**ABOUT THIS EXERCISE**
Skipping the images, transcribe each record below as it is.

**DATASET EXCERPTS**
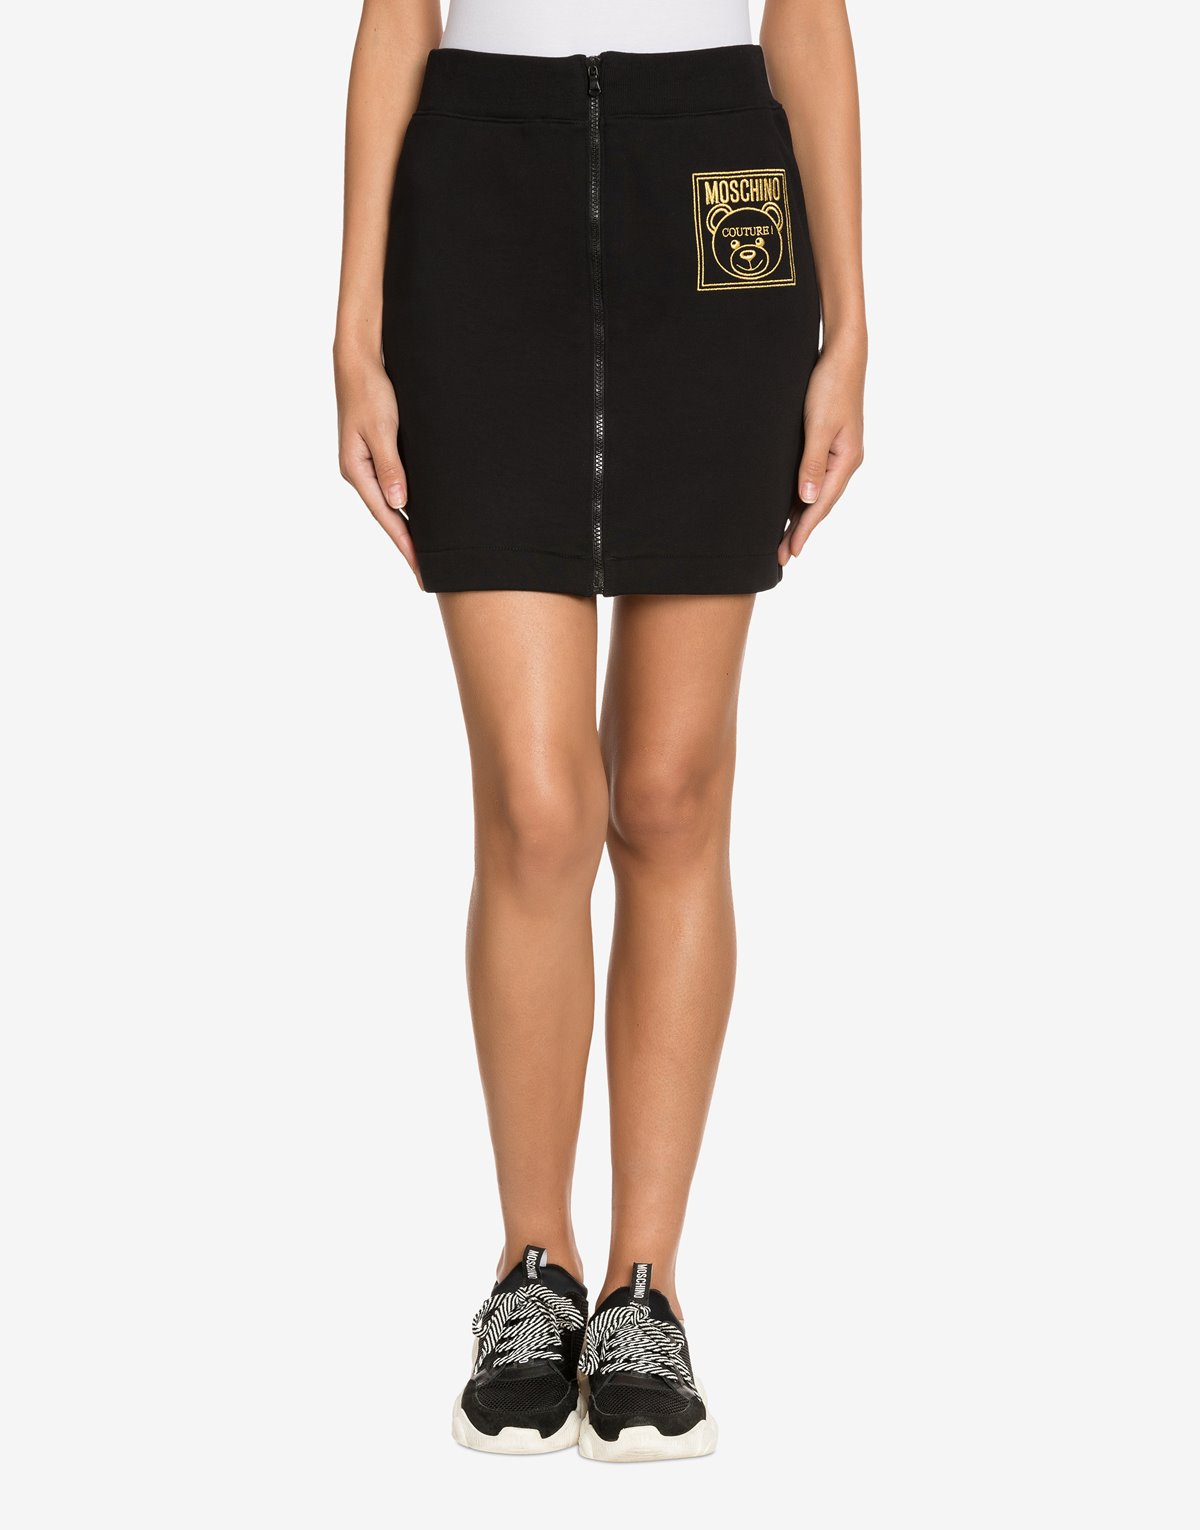 Drakesboutique - MOSCHINO Couture Bear Skirt Black Gold
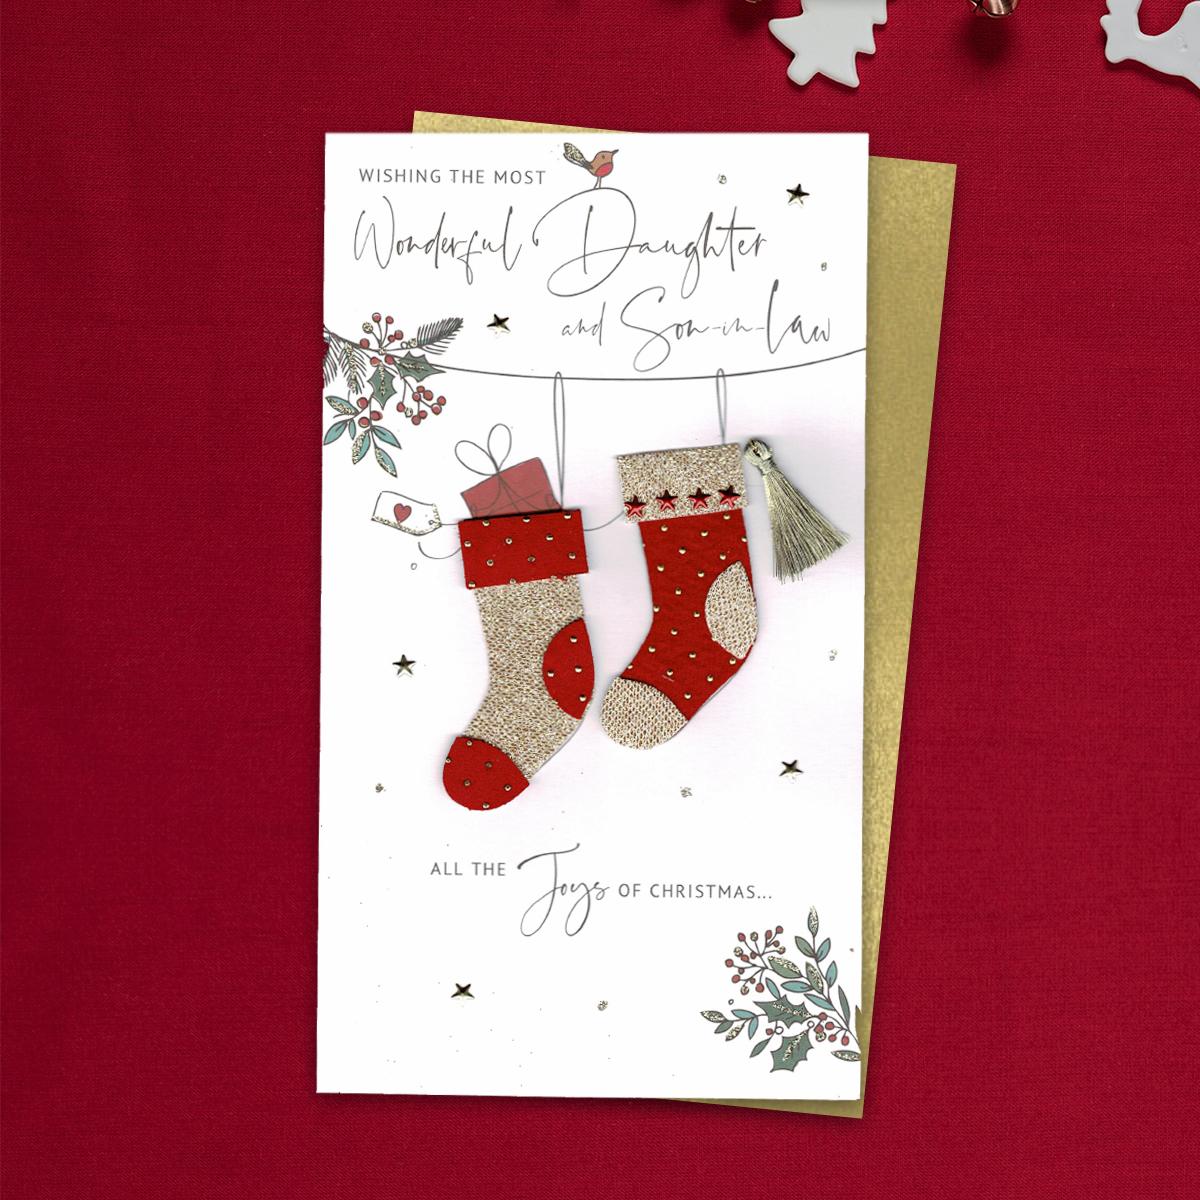 Wishing The Most Wonderful Daughter And Son In Law All The Joys Of Christmas... Featuring Two Christmas Stockings With decoupage And Embellishments. Completed With A Gold Coloured Envelope
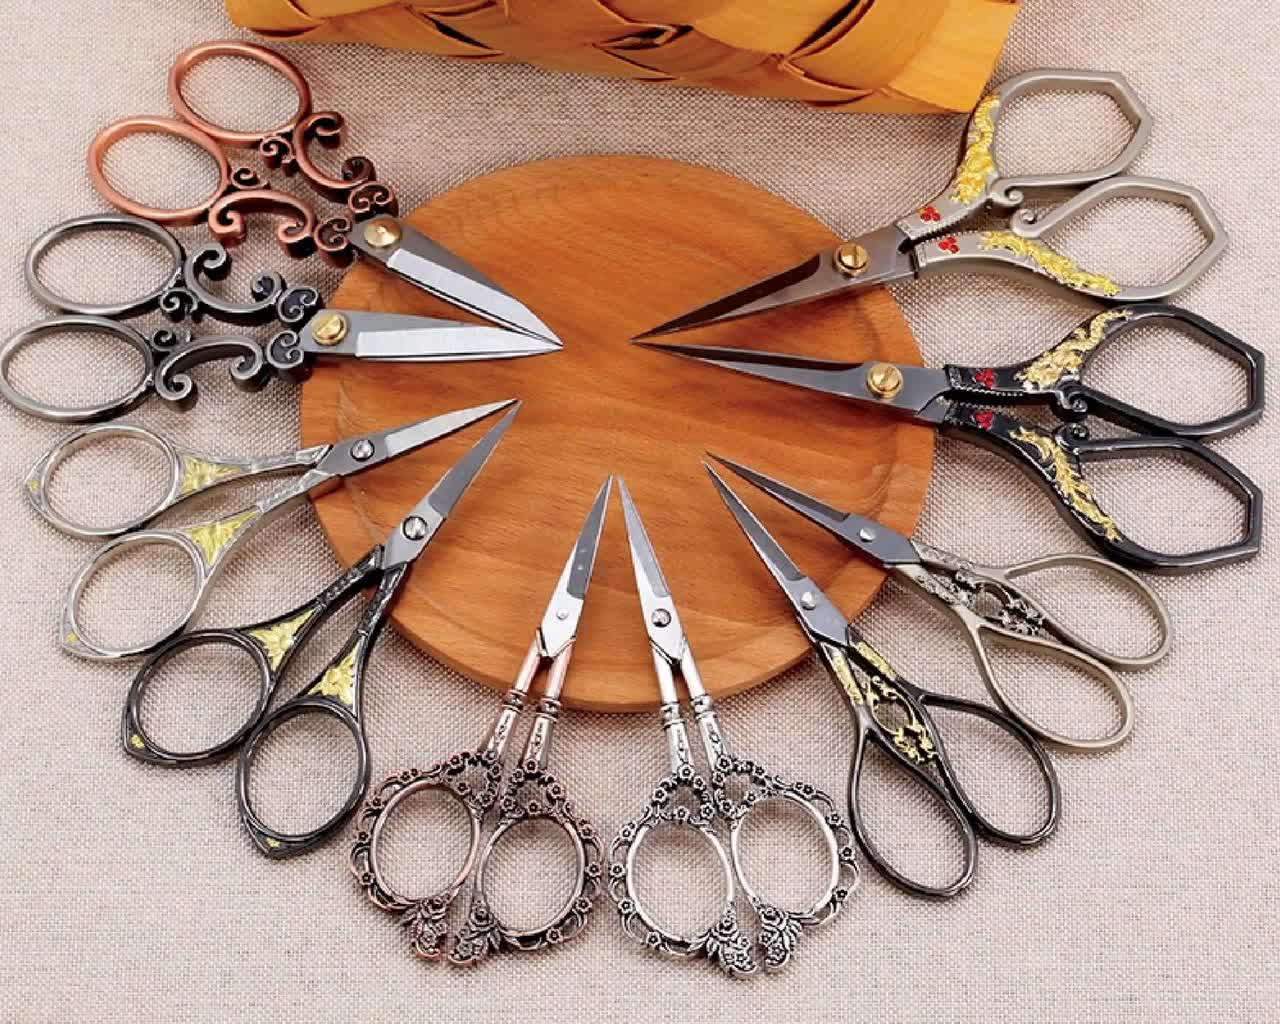 Vintage Embroidery Scissors Kit, Christmas Gift for Sewing Professional,  European Antique Sewing Kit, Complete Sewing Tools for Sewing Craft
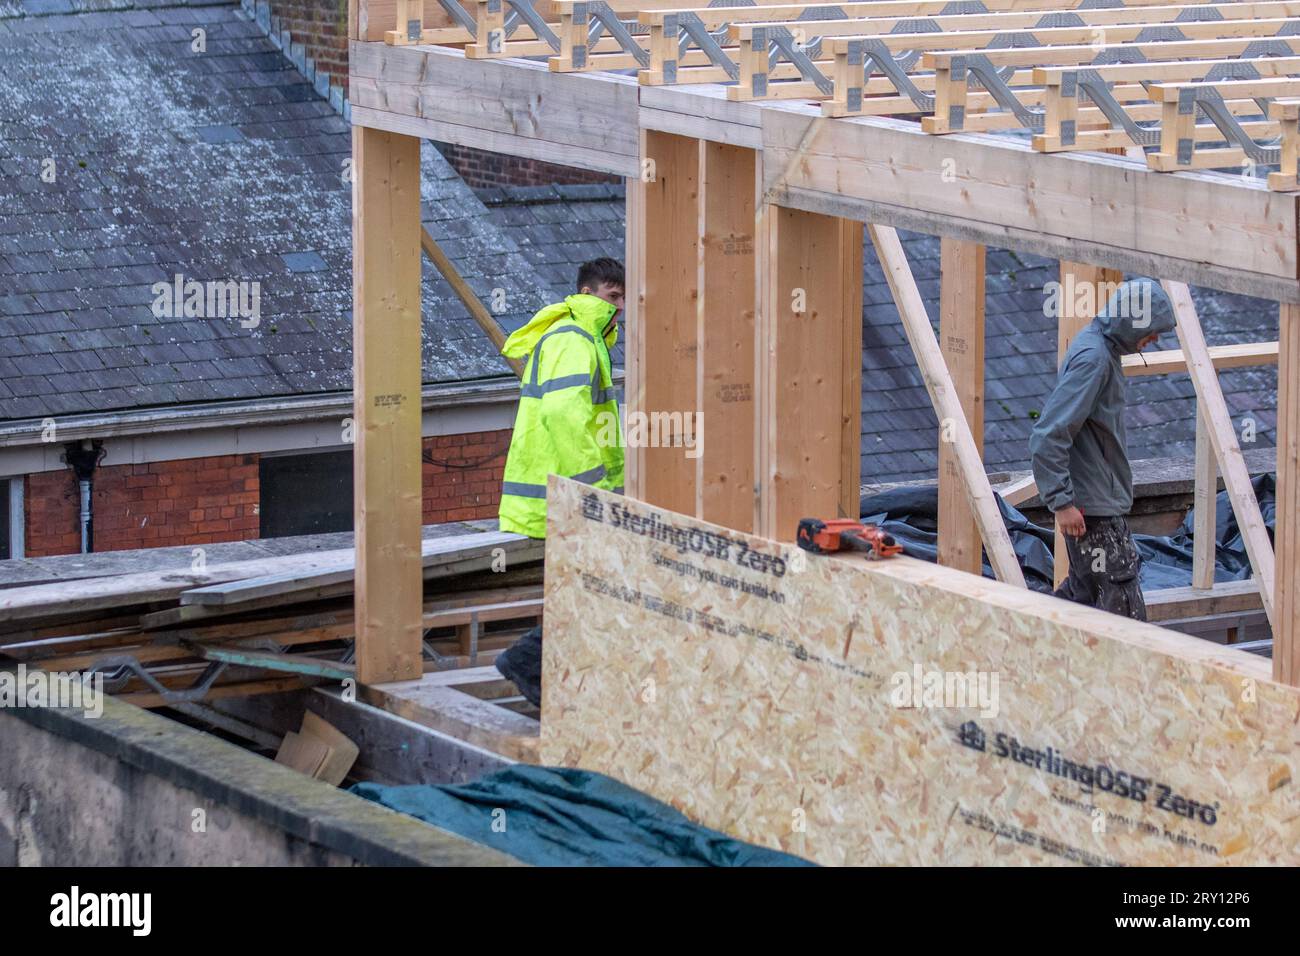 Extraordinary timber roof extension underway on city centre building in Preston. The elevation uses waterproof SterlingOSB Zero timbers and lattice roof trusses to support an extension. Stock Photo
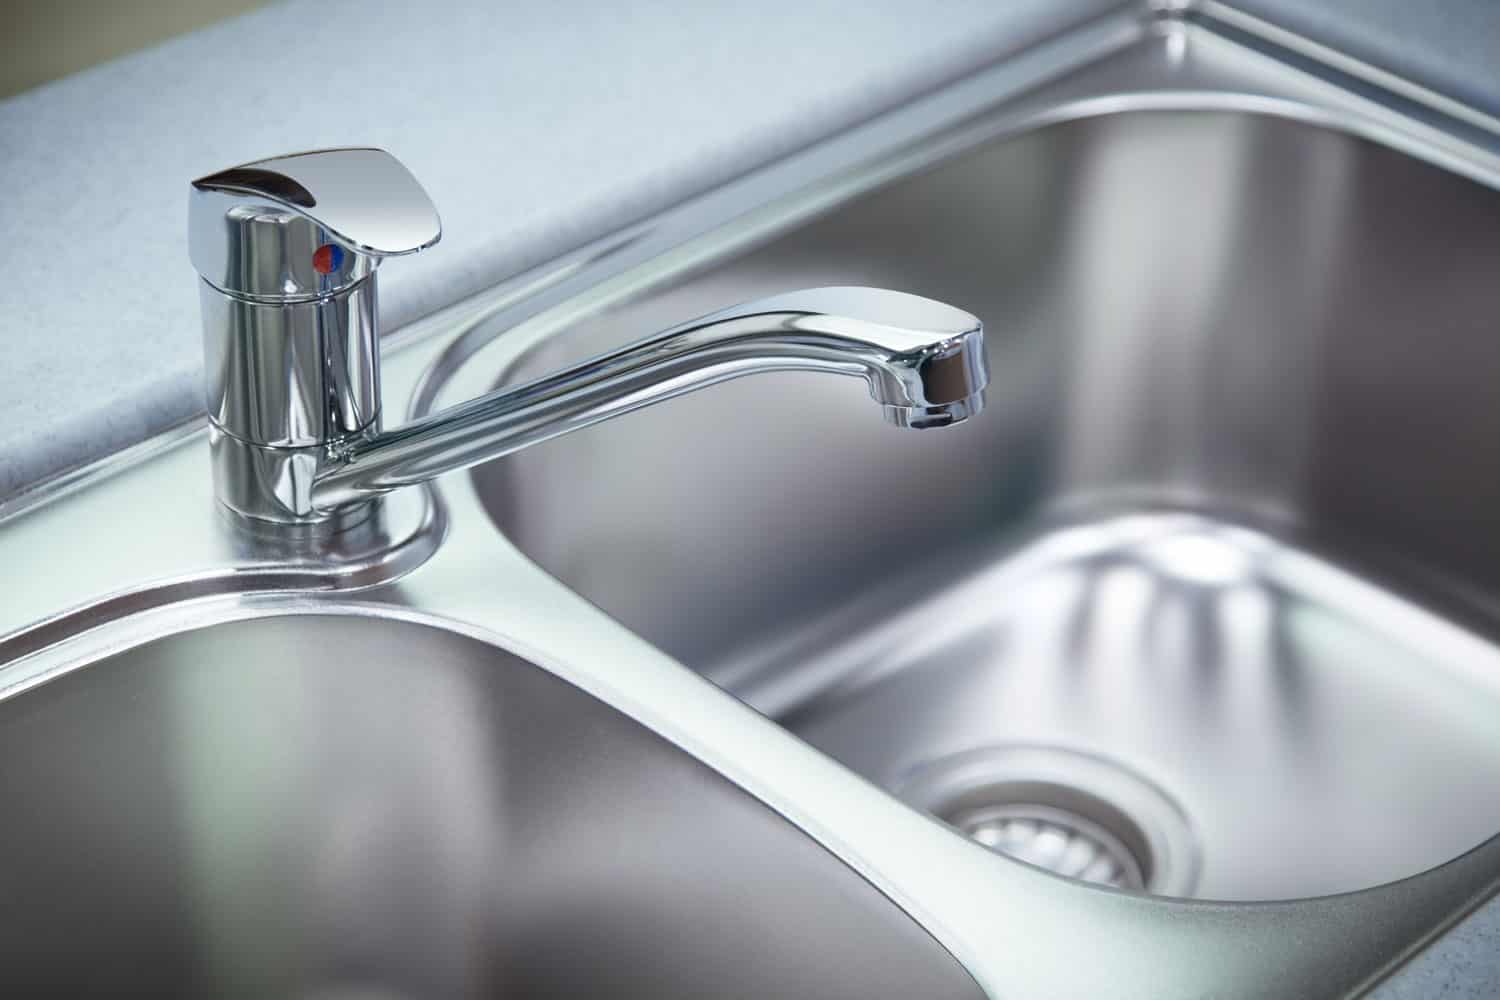 A stainless steel dual kitchen sink

**ANSWER BELOW**
 Drakesboutique - MOSCHINO Couture Bear Skirt Black Gold
 Wishing The Most Wonderful Daughter And Son In Law All The Joys Of Christmas... Featuring Two Christmas Stockings With decoupage And Embellishments. Completed With A Gold Coloured Envelope
 Vintage Embroidery Scissors Kit, Christmas Gift for Sewing Professional,  European Antique Sewing Kit, Complete Sewing Tools for Sewing Craft
 Extraordinary timber roof extension underway on city centre building in Preston. The elevation uses waterproof SterlingOSB Zero timbers and lattice roof trusses to support an extension. Stock Photo
 A stainless steel dual kitchen sink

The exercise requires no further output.